Watching Stereo Total live could sometimes feel a little like intruding on some private domestic drama. I remember the last time I saw them, a few years back at a small club in Paris’s 20th arrondissement. The full final third of the show consisted of drummer Françoise Cactus repeatedly announcing their last song and guitarist-keyboardist Brezel Göring repeatedly dragging her back on stage for one more encore.
By that time, Göring and Cactus had been together — both as a group and as a couple — for some two decades, and they had that sense of a lively shared world, patiently built up together, that often characterises the long-term wed.
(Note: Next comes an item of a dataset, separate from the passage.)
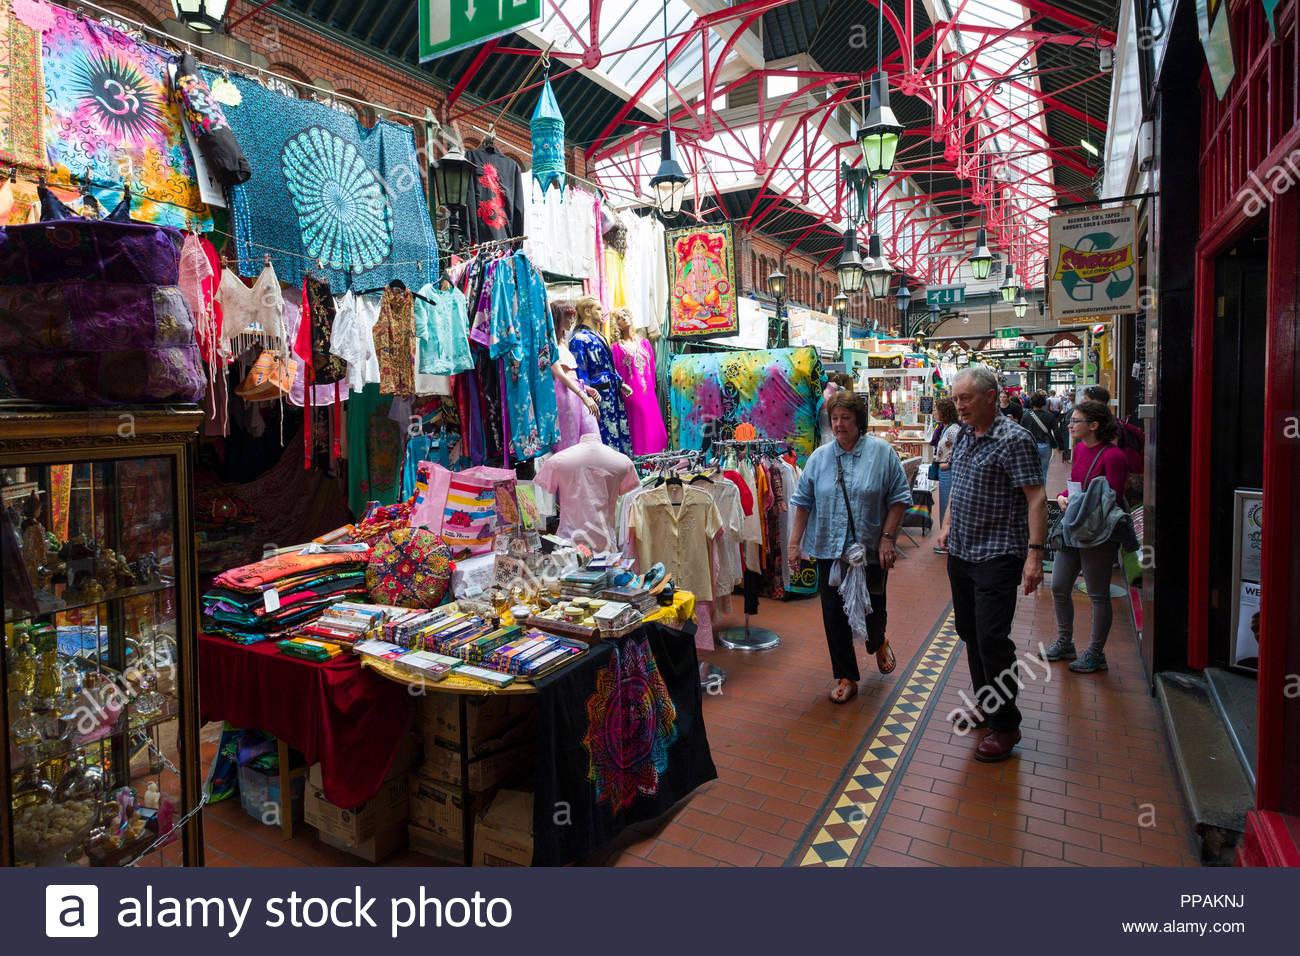 Stalls selling various items inside George's Street Arcade, Dublin, Leinster, Ireland Stock Photo

But as an audience member, this was never a world that you felt excluded from: they were always inviting you in, giving you the space to find a way into their often-surreal bundle of private jokes and subtle codes.
So it was with a kind of peculiar sadness that I heard the announcement in February that Françoise Cactus had passed away. ‘We are devastated to announce the passing of our beloved friend,’ the band wrote on social media. ‘She died peacefully at home this morning February 17th, 2021, of cancer. Rest in peace, notre amie! FOREVER 16!’
That sense of mingled exuberance and tender melancholy was evident in the group from their very first album, with its trash-rock covers of Gainsbourg, Bardot, and Salt ‘n’ Pepa, jostling for place with original songs about typing pools and canoodling in the park. Originally hailing from Burgundy and Kassel, respectively, Cactus and Göring both moved to what was then still West Berlin in the late eighties.
They found themselves in Kreuzberg, at the time mostly populated by Turkish immigrants and West German squatters, and bordered on three sides by the Wall. But it was also home to the geniale dilettanten, an informal movement of ‘professional amateurs’ initially brought together by a festival organised by artist Wolfgang Müller of Die Tödliche Doris. Müller, for a brief time, would act as manager for the fledgling Stereo Total and the pair found inspiration in his message of Dadaist absurdity and radical inclusivity (many performers at the original Geniale Dilettanten festival had never even picked up an instrument before).
Over subsequent years, Stereo Total would be often critical observers of the transformation of their home turf from a scuzzy enclave at the very edge of the Western world into a playground for globe-trotting hipsters. But they remained faithful to its surviving institutions, organising a benefit for the Georg-von-Rauch-Haus, a former squat turned alternative cultural centre named after one of the radical student movement leaders of ’68, after it was attacked in an arson attack in 2011.
In the liner notes to their best-of compilation of 2015, Stereo Total would trace the origins of the group to the period immediately after the Wall came down. ‘1992 — in the former eastern part of Berlin there were huge containers for trash everywhere,’ they wrote, ‘people were throwing away everything that reminded them of their former life in the GDR: records, books, clothes, furniture . . . That gave us the idea to be musically inspired by the “throw-away-society”.’
Before they had any songs, they had a manifesto: a set of strictly defined rules which banned the use of any instrument costing more than fifty Deutschmarks, eschewed major record labels and all forms of virtuosity, and endorsed the use of all languages, apart from English.
Though the band would cheerfully admit that all these rules have been broken at one time or other, they nonetheless prove a reliable rough guide to their modus operandi over the succeeding decades. There have been Stereo Total lyrics in French, German, Spanish, Turkish, and Japanese. They remained, to the very end, sharply at odds with any prevailing trends.
And yet in their dumpster-diving approach to music history, their encomiums to and appropriations from yé-yé, easy listening, Yoko Ono, and Wendy Carlos, they anticipated many of the obsessions of latter day ‘hauntologists’ like Broadcast and Ghost Box. On stage, their songs teetered on the brink of collapse (their drums and guitars, likewise), seemingly borne to their conclusions by sheer enthusiasm alone. Their peculiar brand of anarchism was rarely confrontational, always welcoming. Every cheap guitar sound seemed to hold out the promise: you, too, could do this. Every scrappy, skeletal arrangement invited the listener to fill in the gaps with their own imaginations. There is, in this feeling of something raw and unfinished, a glimmer of that utopian potential once perceived by Ernst Bloch. ‘Art is not at all a totality,’ insisted Bloch in The Spirit of Utopia; instead, it must remain open and in process, bearing candidly the mark of its unvarnished possibility.